▶ **WHAT IS REQUIRED**
The expected output is the data below, character for character, without its pictures.

▶ **DATA SHOWN**
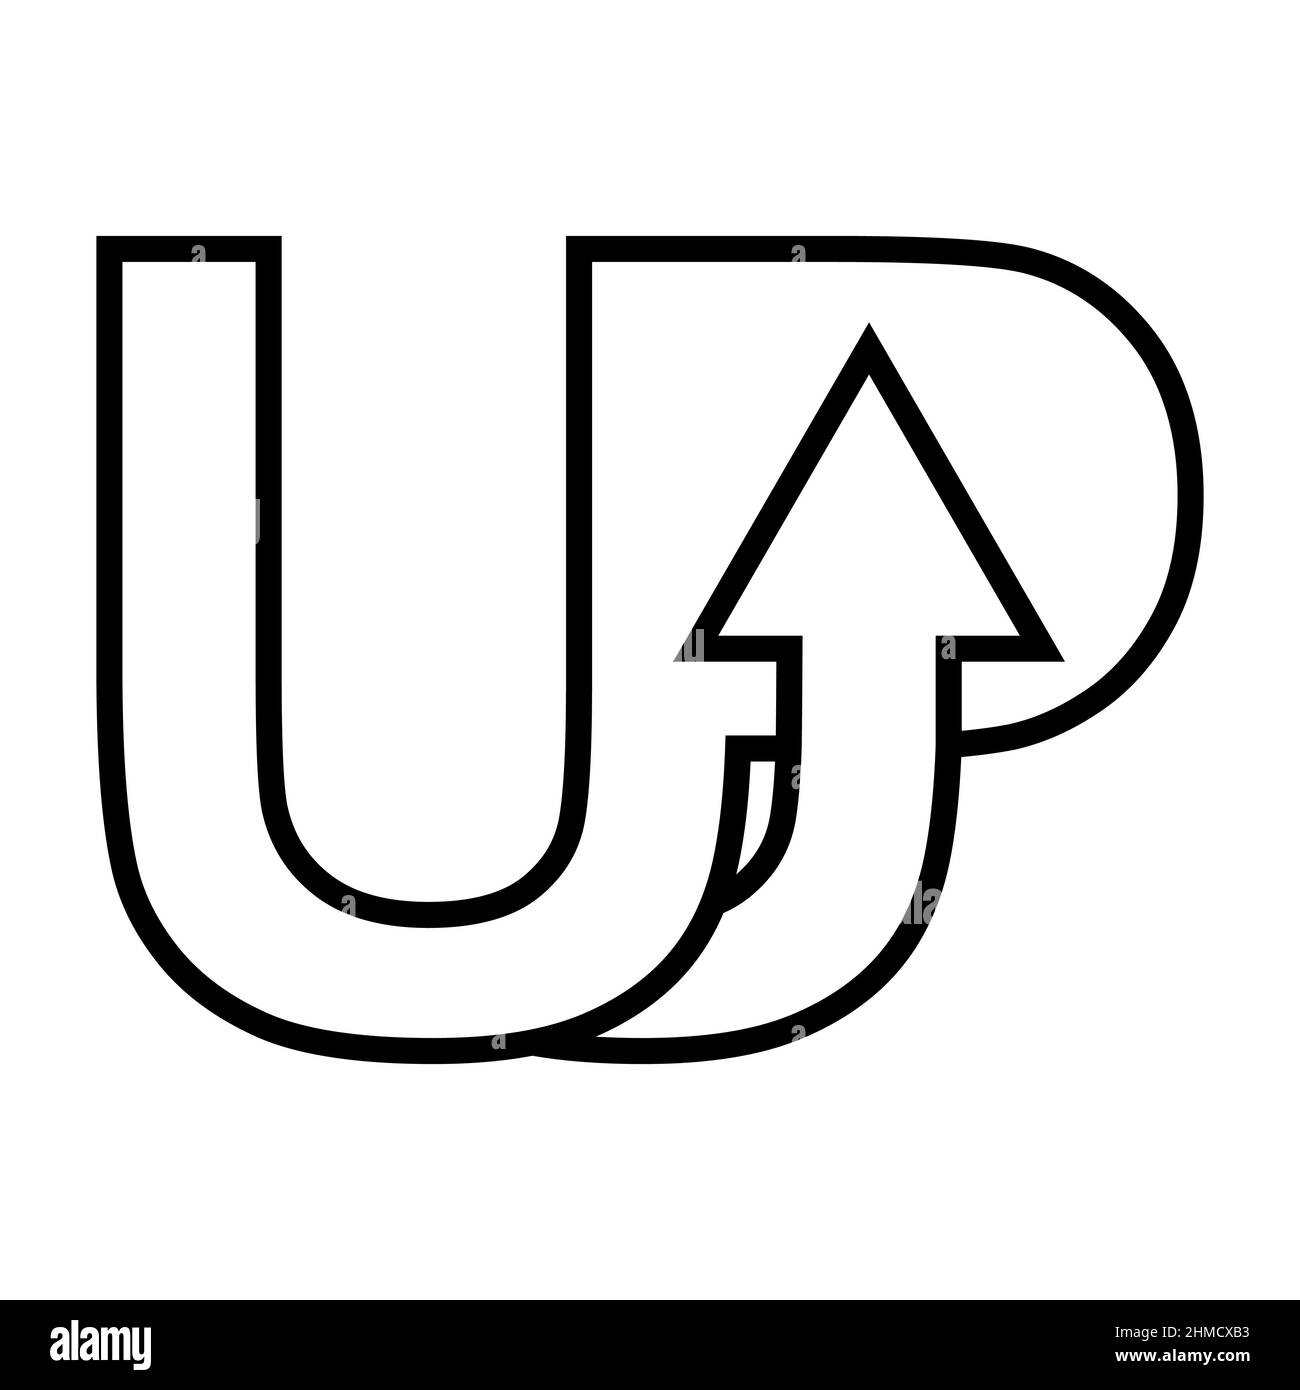 UP logo freccia di avvio, idea di aumentare la crescita di carriera segno start UP Illustrazione Vettoriale
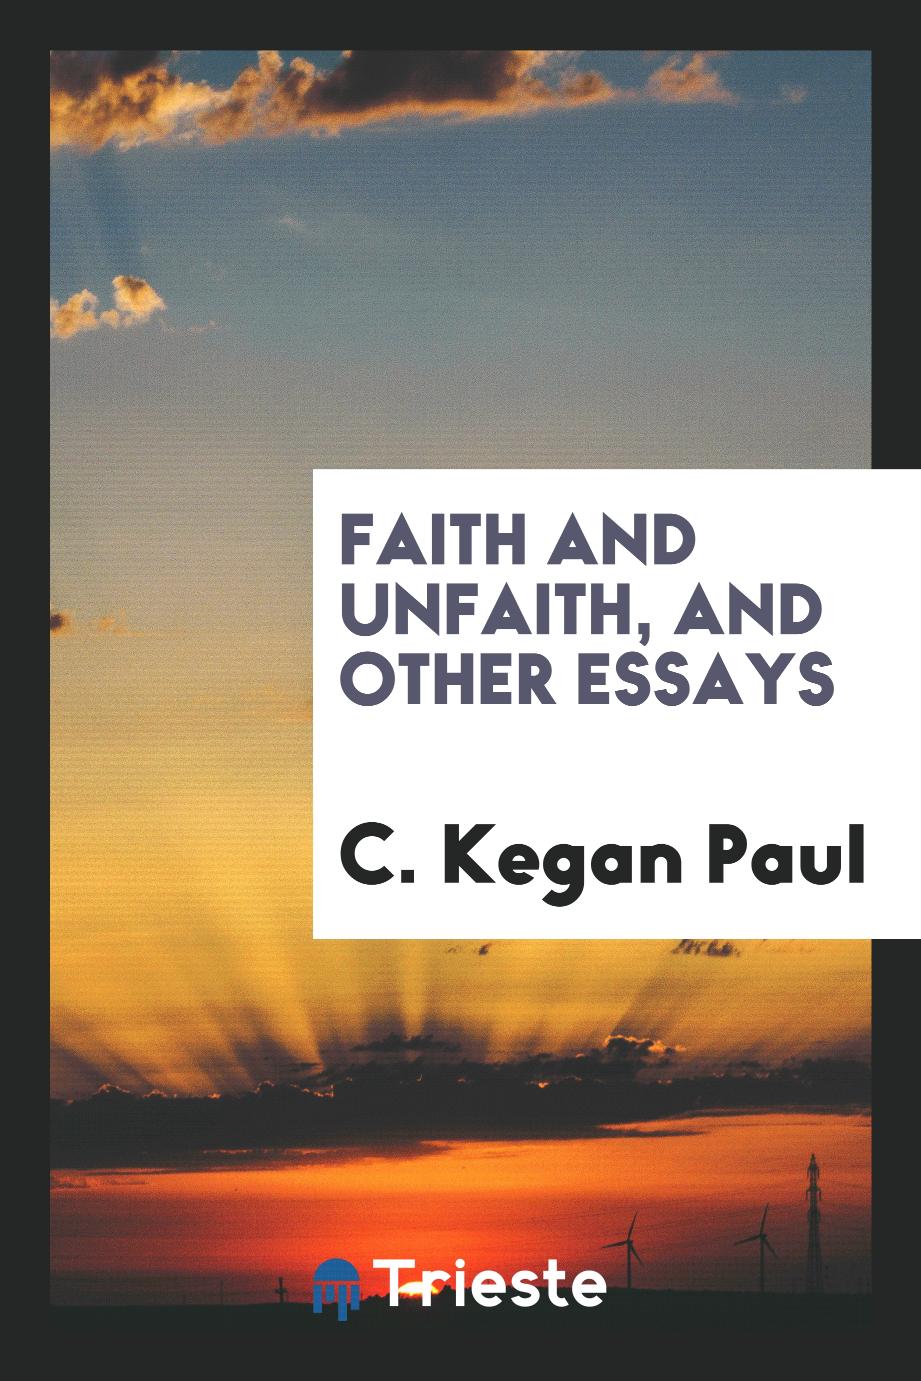 Faith and unfaith, and other essays
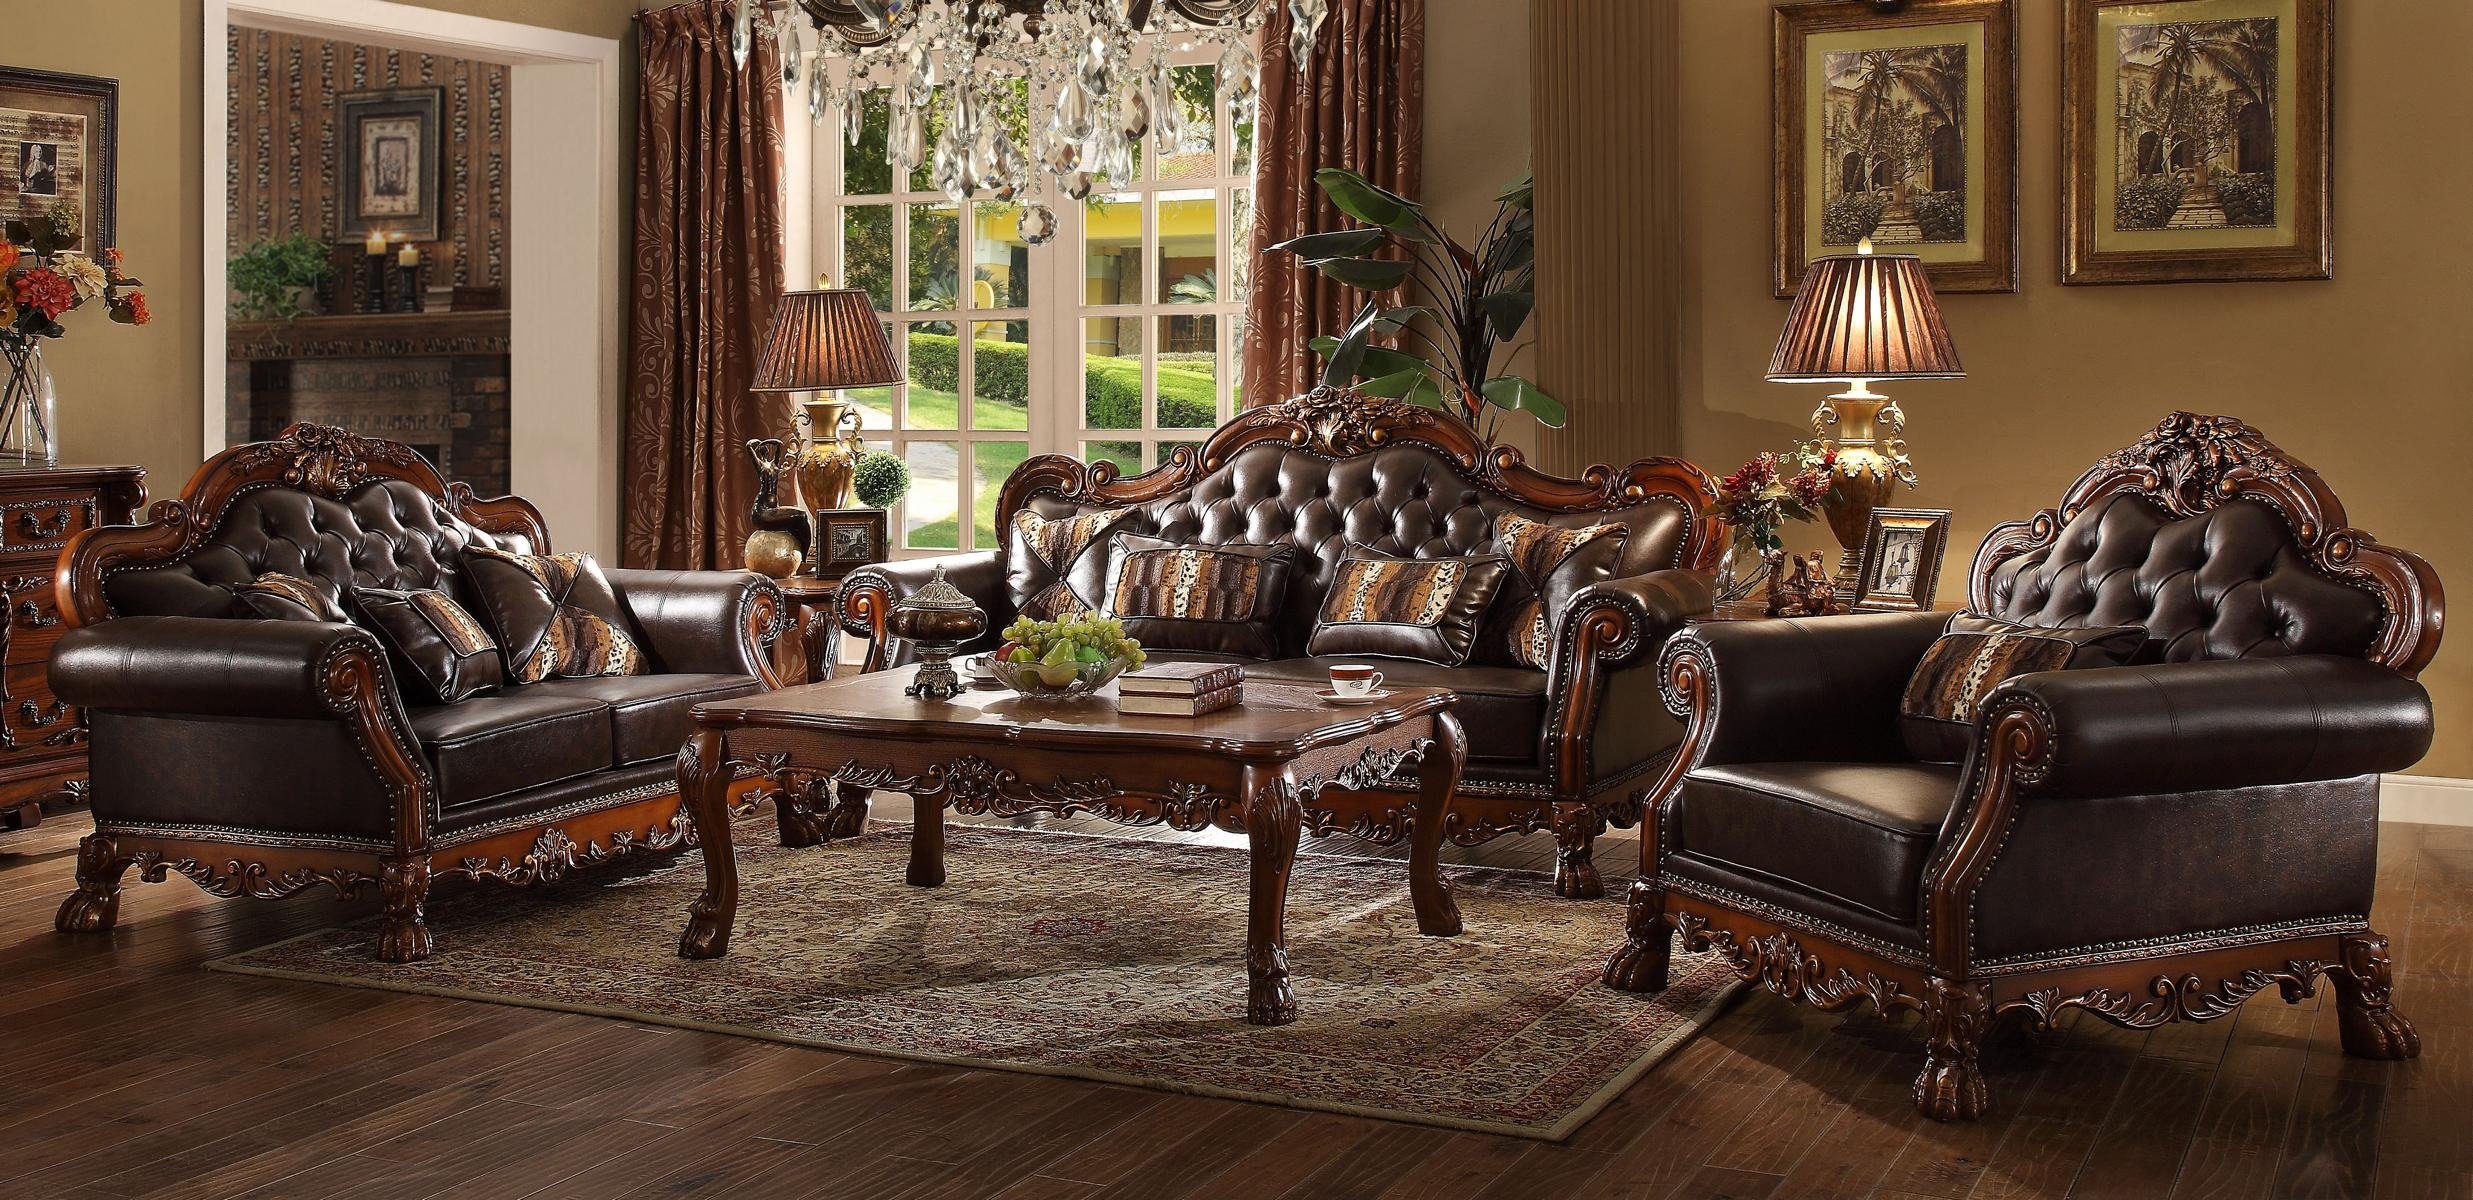 JVmoebel Wohnzimmer-Set, Luxus Chesterfield Sofagarnitur 3+2+1 Sitzer mit Couchtisch Möbel
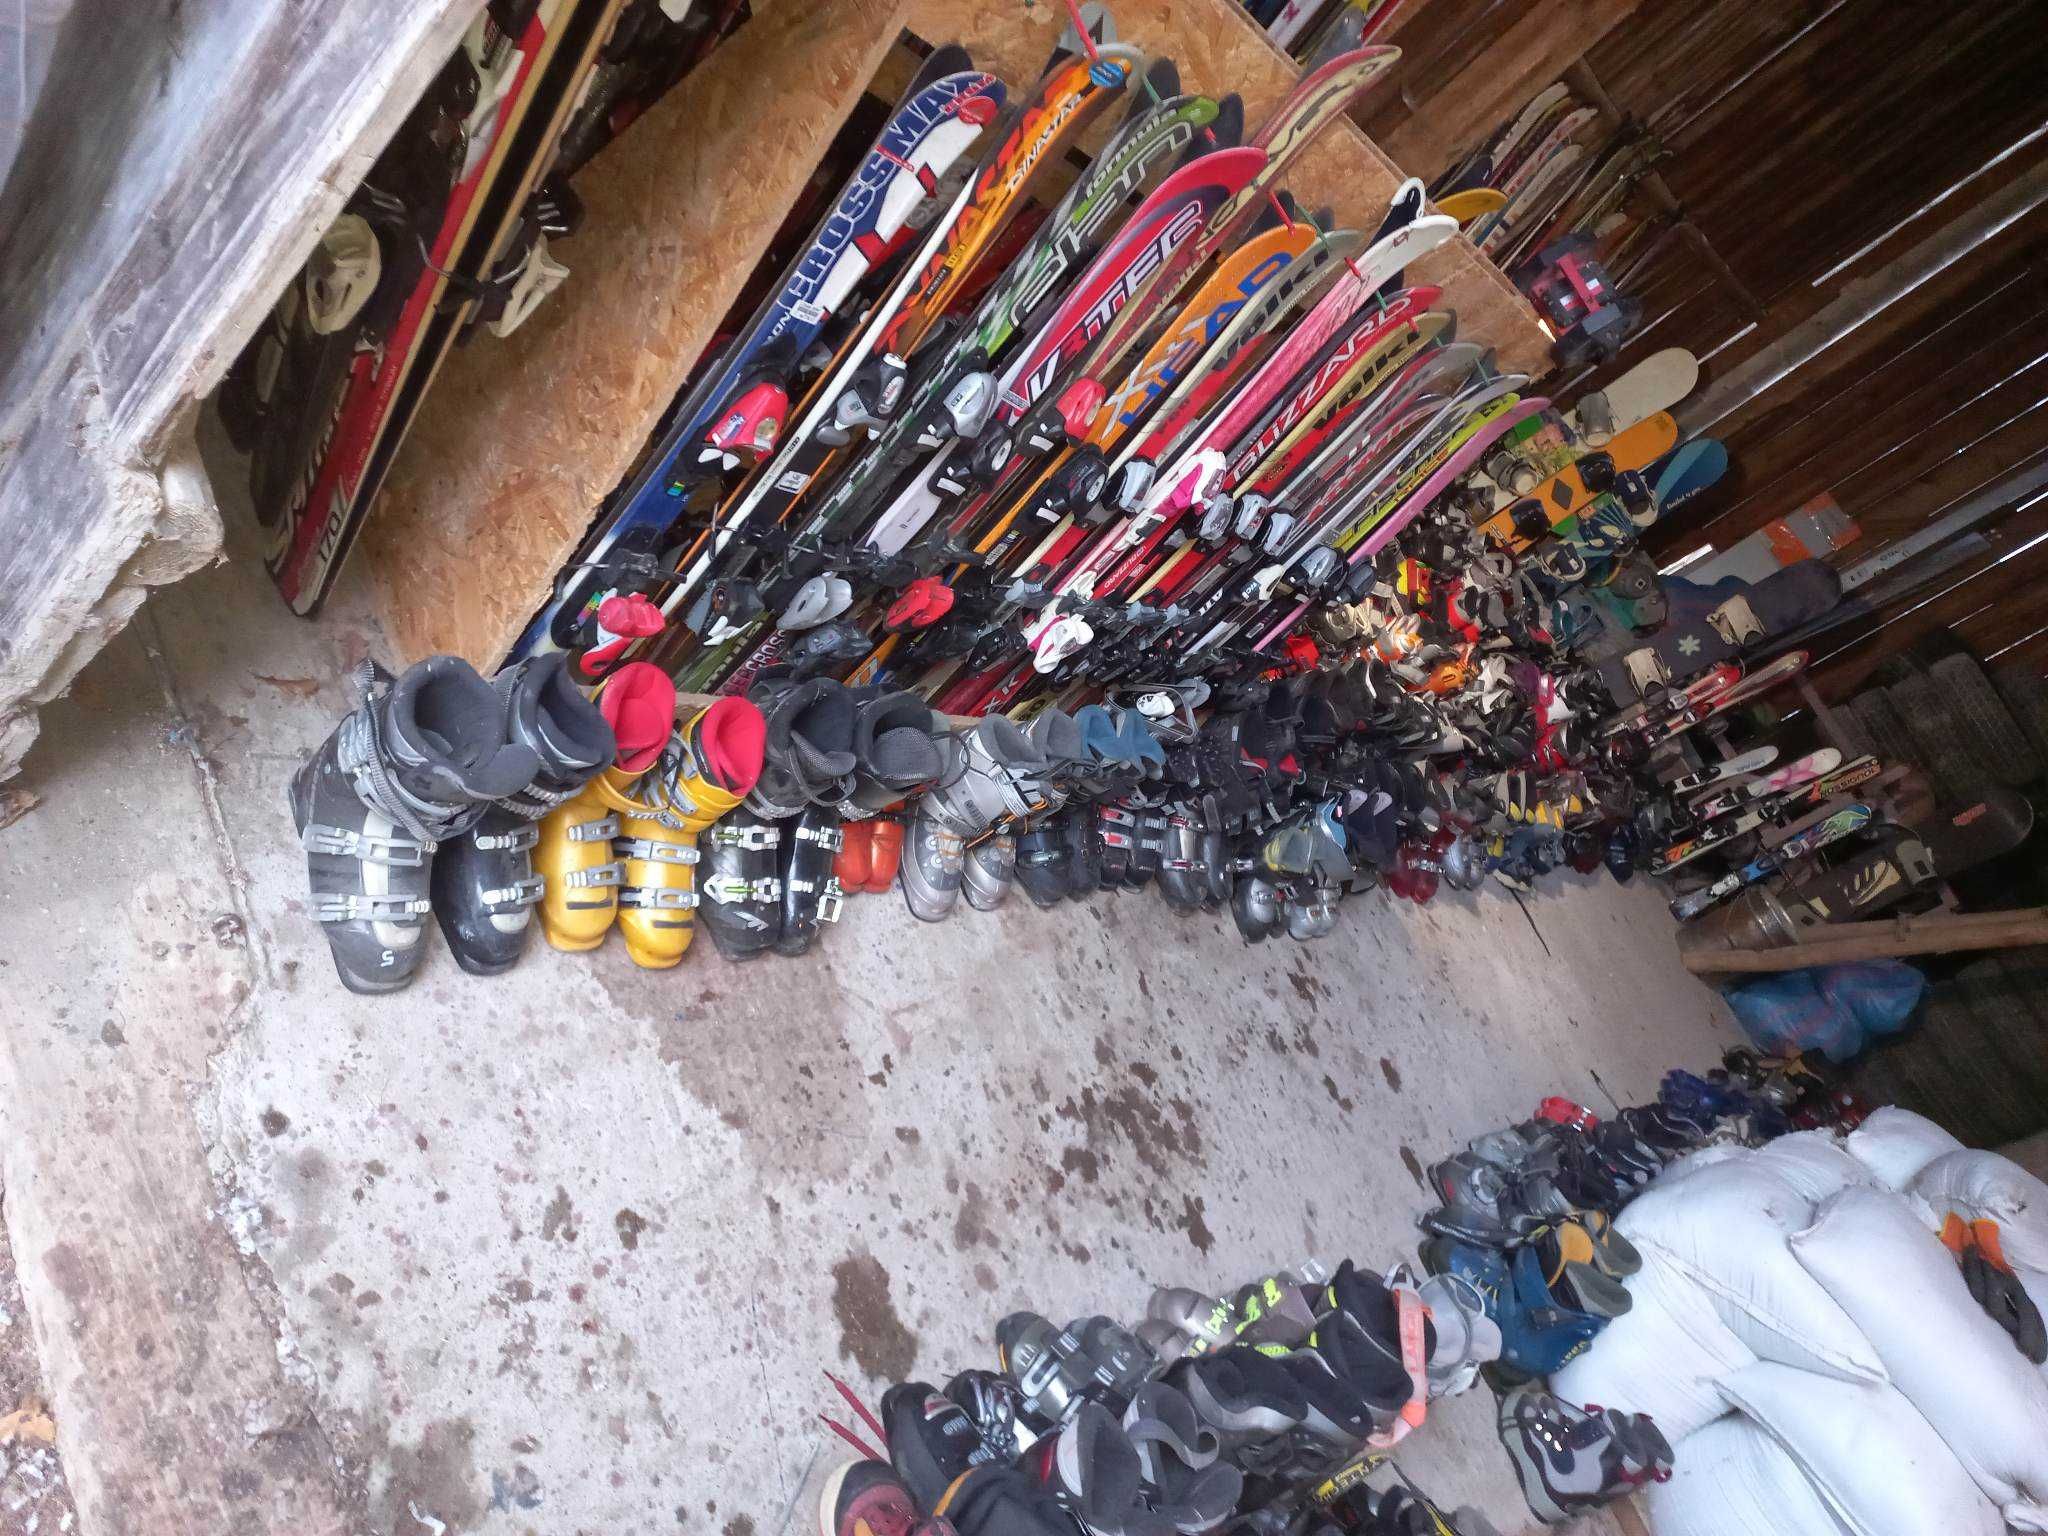 Narty buty narciarskie hurtowo

▶ **RESPONSE AREA**
 UP logo freccia di avvio, idea di aumentare la crescita di carriera segno start UP Illustrazione Vettoriale
 Faith and unfaith, and other essays
 JVmoebel Wohnzimmer-Set, Luxus Chesterfield Sofagarnitur 3+2+1 Sitzer mit Couchtisch Möbel
 Narty buty narciarskie hurtowo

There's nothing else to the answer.